Das unbekannte Bekannte

Um die Aktualität in der Ukraine zu kommentieren, würde ich gerne etwas weiter ausholen - und von der Philosophie allgemein sprechen. Ich fange an bei zwei Begriffen, nämlich den Begriffen "bekannt" und "unbekannt". Diese beiden Wörter kann man nämlich auf vier Arten und Weisen miteinander kombinieren.

Es gibt bekanntes Bekanntes, also Dinge, von denen ich weiß, dass ich sie weiß. Es gibt bekanntes Unbekanntes, also Dinge von denen ich weiß, dass ich sie nicht weiß. Es gibt unbekannte Unbekannte, d.h. Sachen, von denen du weißt, dass du sie nicht weißt. Ich behaupte einfach mal, dass das den allergrößten Teil dessen ausmacht, was es gibt.

Und dann gibt es - und das ist jetzt interessant - das unbekannte Bekannte. Das unbekannte Bekannte sind Dinge, von denen ich nicht weiß, dass ich sie weiß. Der Philosoph und Psychoanalytiker Slavoy Zizek sagt, dass es sich dabei um uneingestandene Glaubenssätze handelt, um den unbewussten Rahmen oder den Horizont, in welchem wir Realität erfahren.

Der Arbeitsbereich der Philosophie ist eben jenes "unbekannte Bekannte". Die Philosophie befragt das, was mir eigentlich am bekanntesten, am selbstverständlichsten ist - so bekannt und selbstverständlich, dass ich es gar nicht mehr in Frage stelle.

Es ist mir so bekannt, dass es mir unbekannt wird. Wir Menschen rahmen die Realität ein, und alles was real ist, muss in diesen Rahmen passen. Wir wissen aber nicht, was der Rahmen ist, und was wir dabei alles ausblenden.

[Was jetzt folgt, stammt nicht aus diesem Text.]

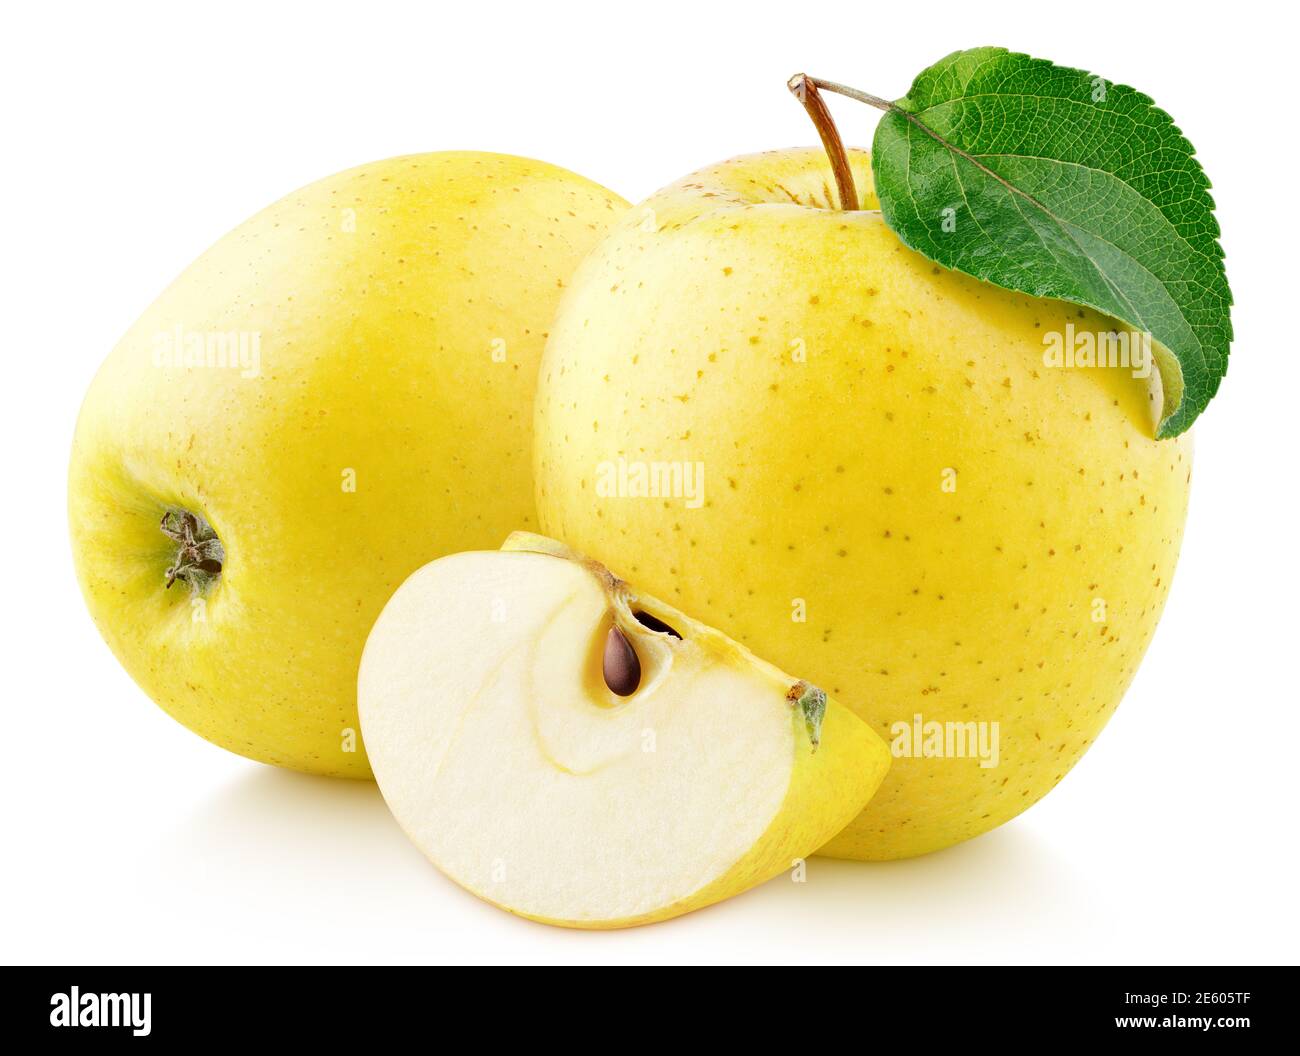 Gelbe Apfelfrucht mit grünem Blatt und Scheibe isoliert auf weißem Hintergrund. Goldener Apfel mit Schneideweg. Volle Schärfentiefe Stockfoto

Das den Rahmen sprengende Ereignis

Aber wie spricht man von etwas, von dem man nicht weiß, was es ist. Das ist des Pudels Kern (um es mit Goethe zu sagen).

Philosophie ist Detektivarbeit: man muss versuchen, nachzuvollziehen, in welchem Rahmen wir die Realität denken, anhand der Spuren, die bleiben, wenn der Rahmen sich verzieht, wenn er sich erweitert oder verändert.

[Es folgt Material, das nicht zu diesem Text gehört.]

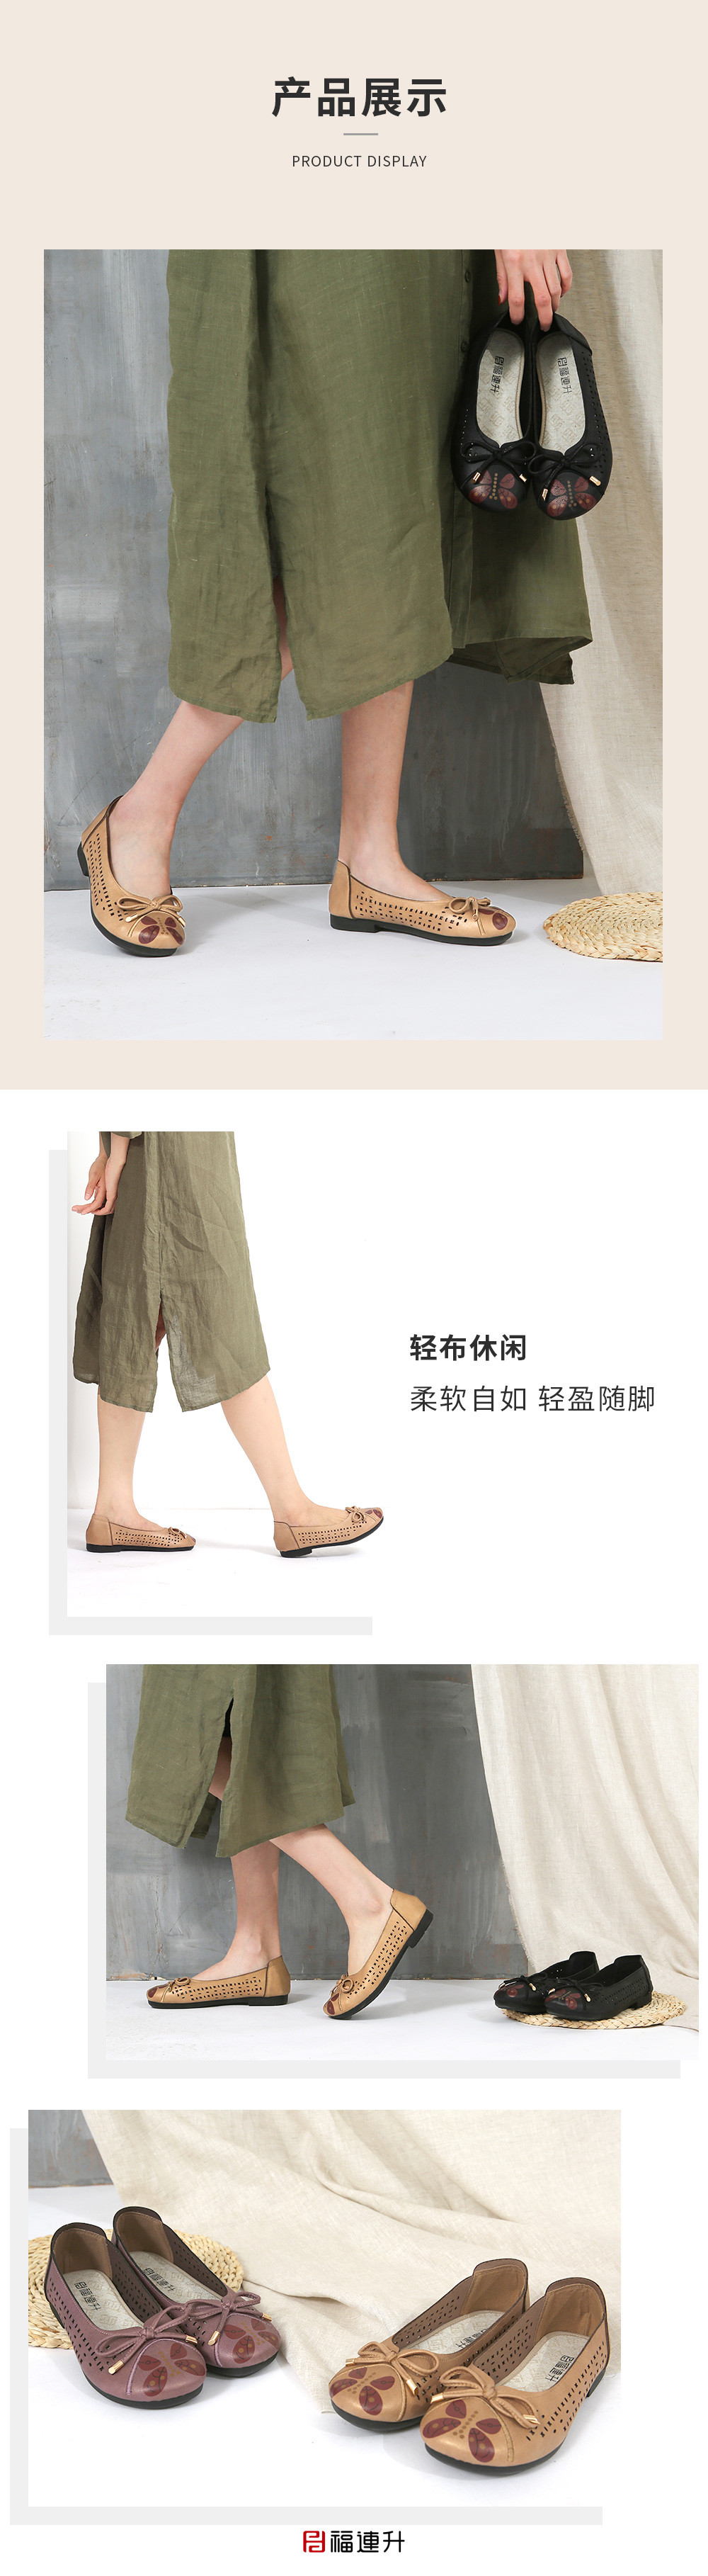 福连升夏季休闲舒适女鞋 镂空平跟软底妈妈鞋(图7)

Und wenn das geschieht, wenn sich unsere Wahrnehmung der Realität verändert, wenn der Rahmen gesprengt wird, dann spricht man in der Philosophie von einem Ereignis.

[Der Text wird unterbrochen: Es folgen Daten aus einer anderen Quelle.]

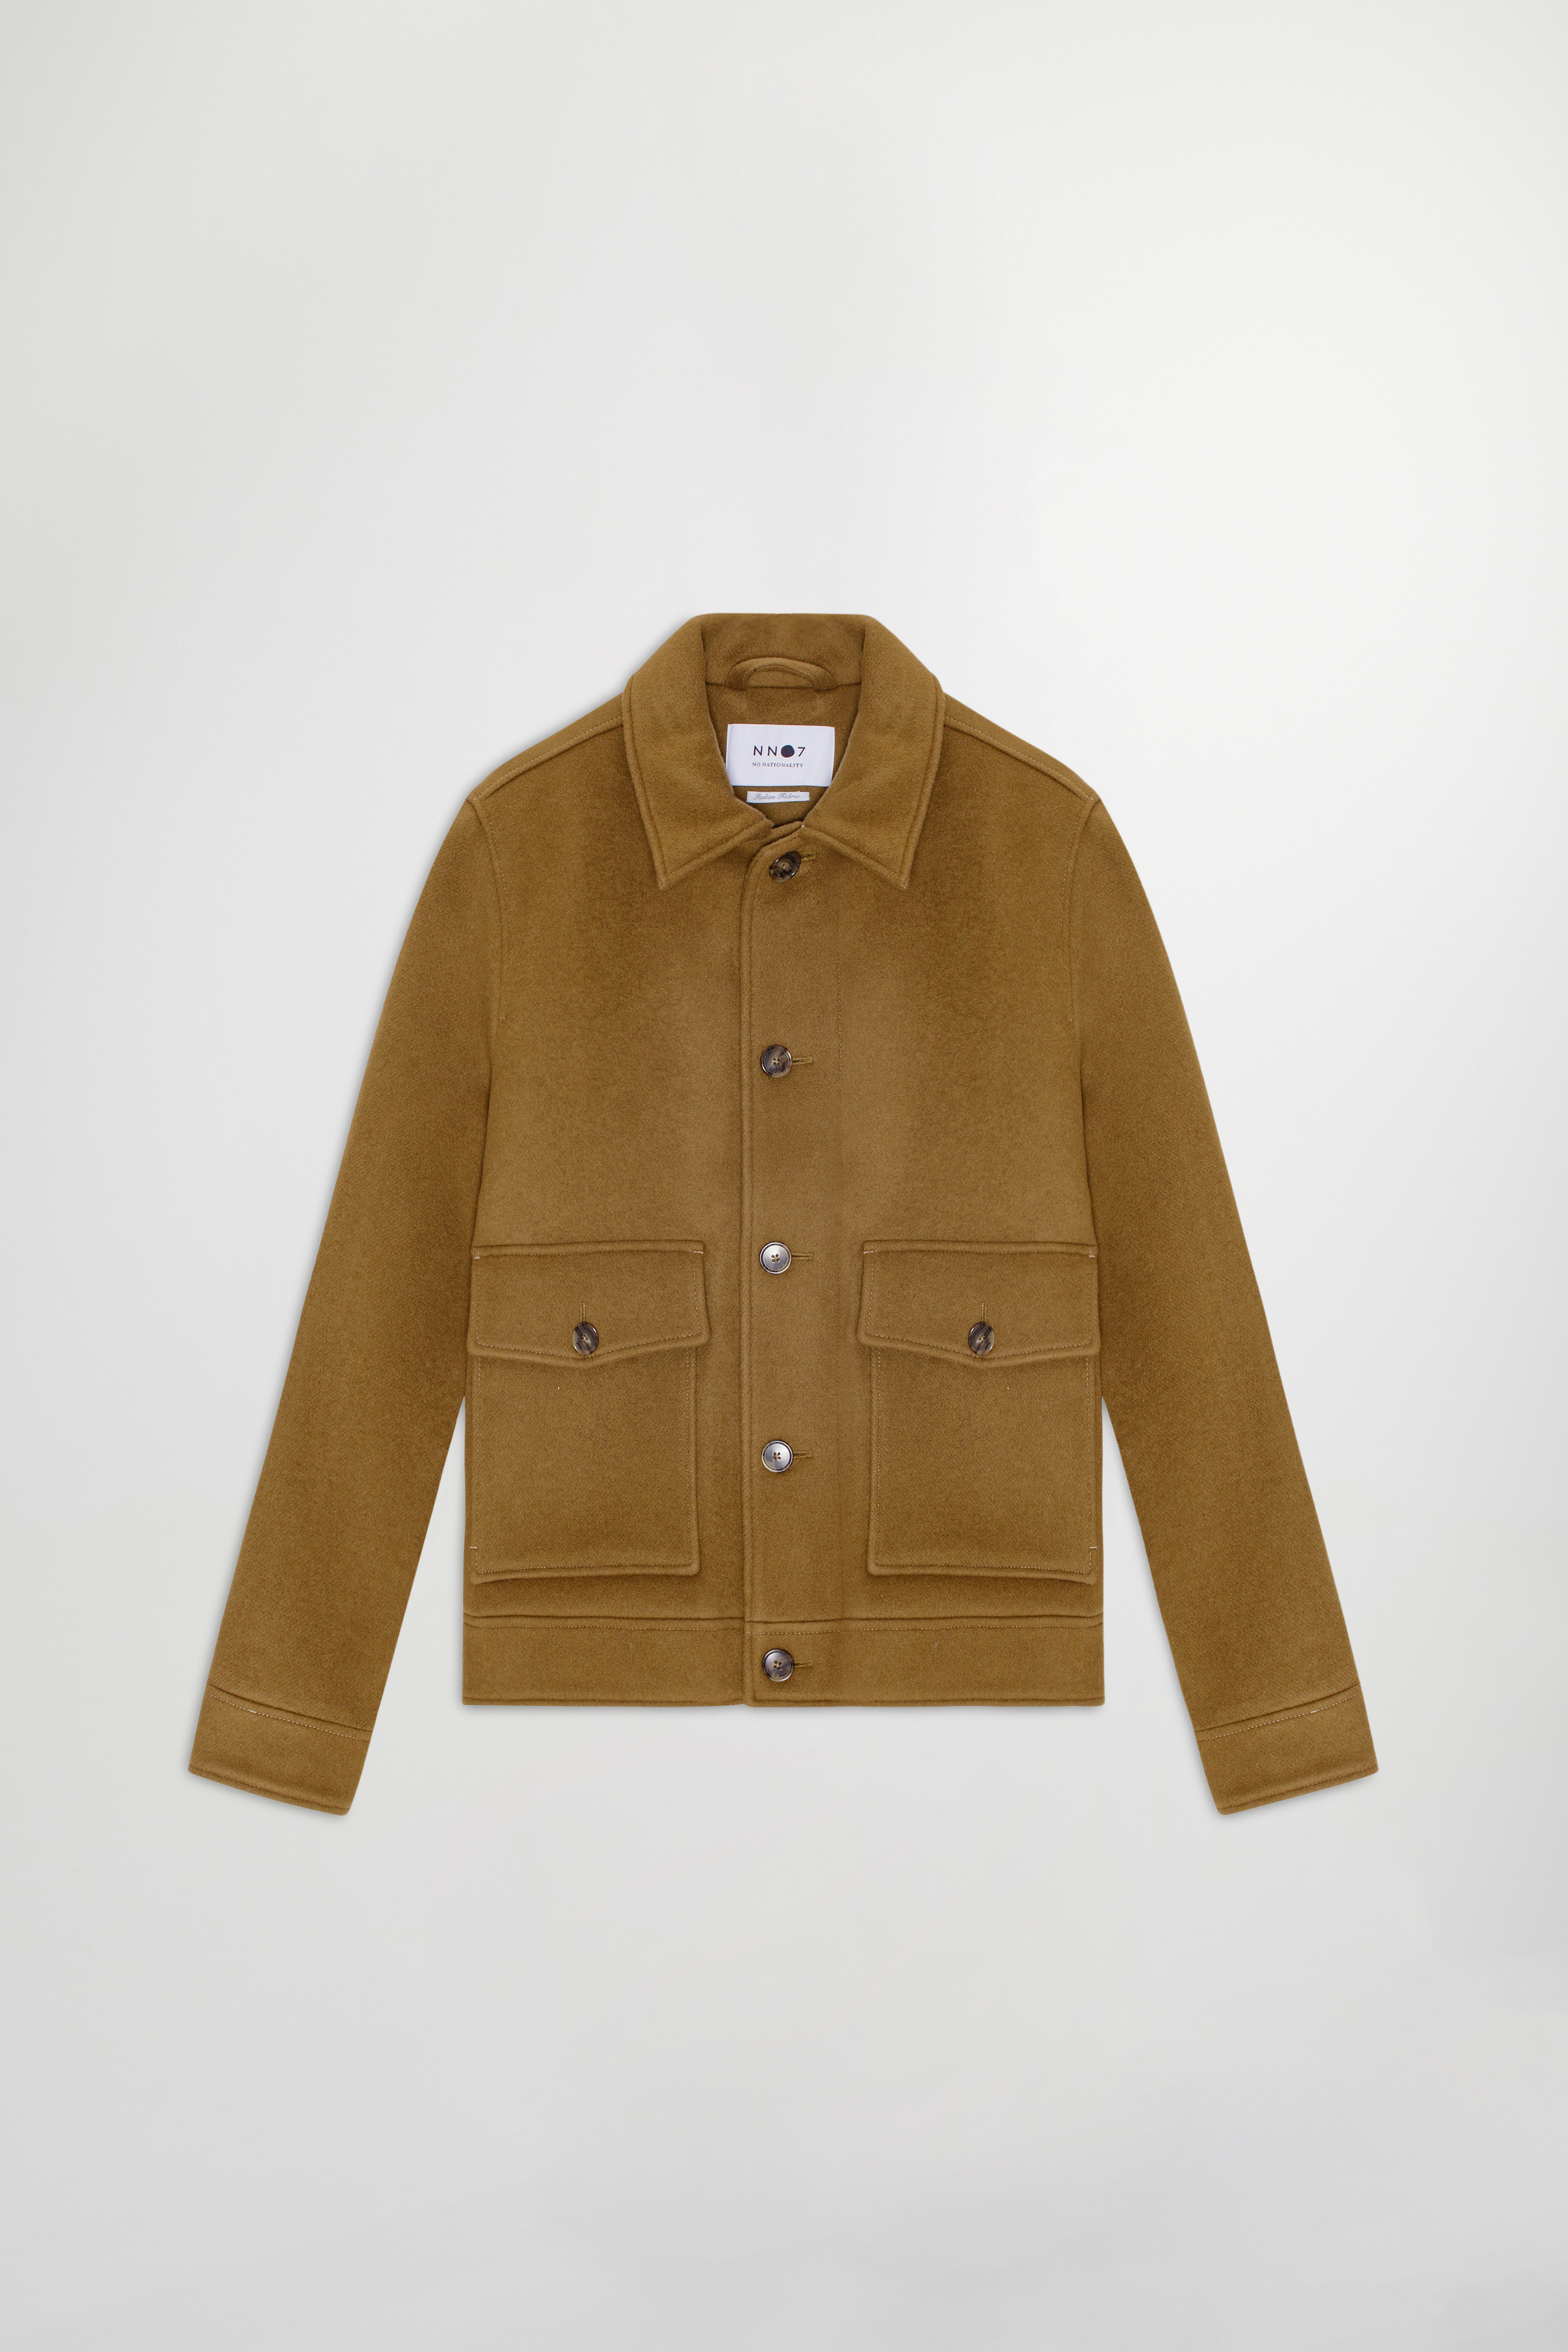 Julius 8268 men's jacket - Brown - Buy online at NN.07®

Der Krieg in der Ukraine ist ein solches Ereignis, denn hier ist etwas geschehen, das in den Spielregeln der Realität nicht vorgesehen war. Angefangen mit der Art und Weise, wie hier angegriffen wurde, das Ausmaß der Truppenbewegungen, die Brutalität, mit der vorgegangen wird. Dann natürlich der Exodus der ukrainischen Bevölkerung - 1,4 Millionen Menschen auf der Flucht.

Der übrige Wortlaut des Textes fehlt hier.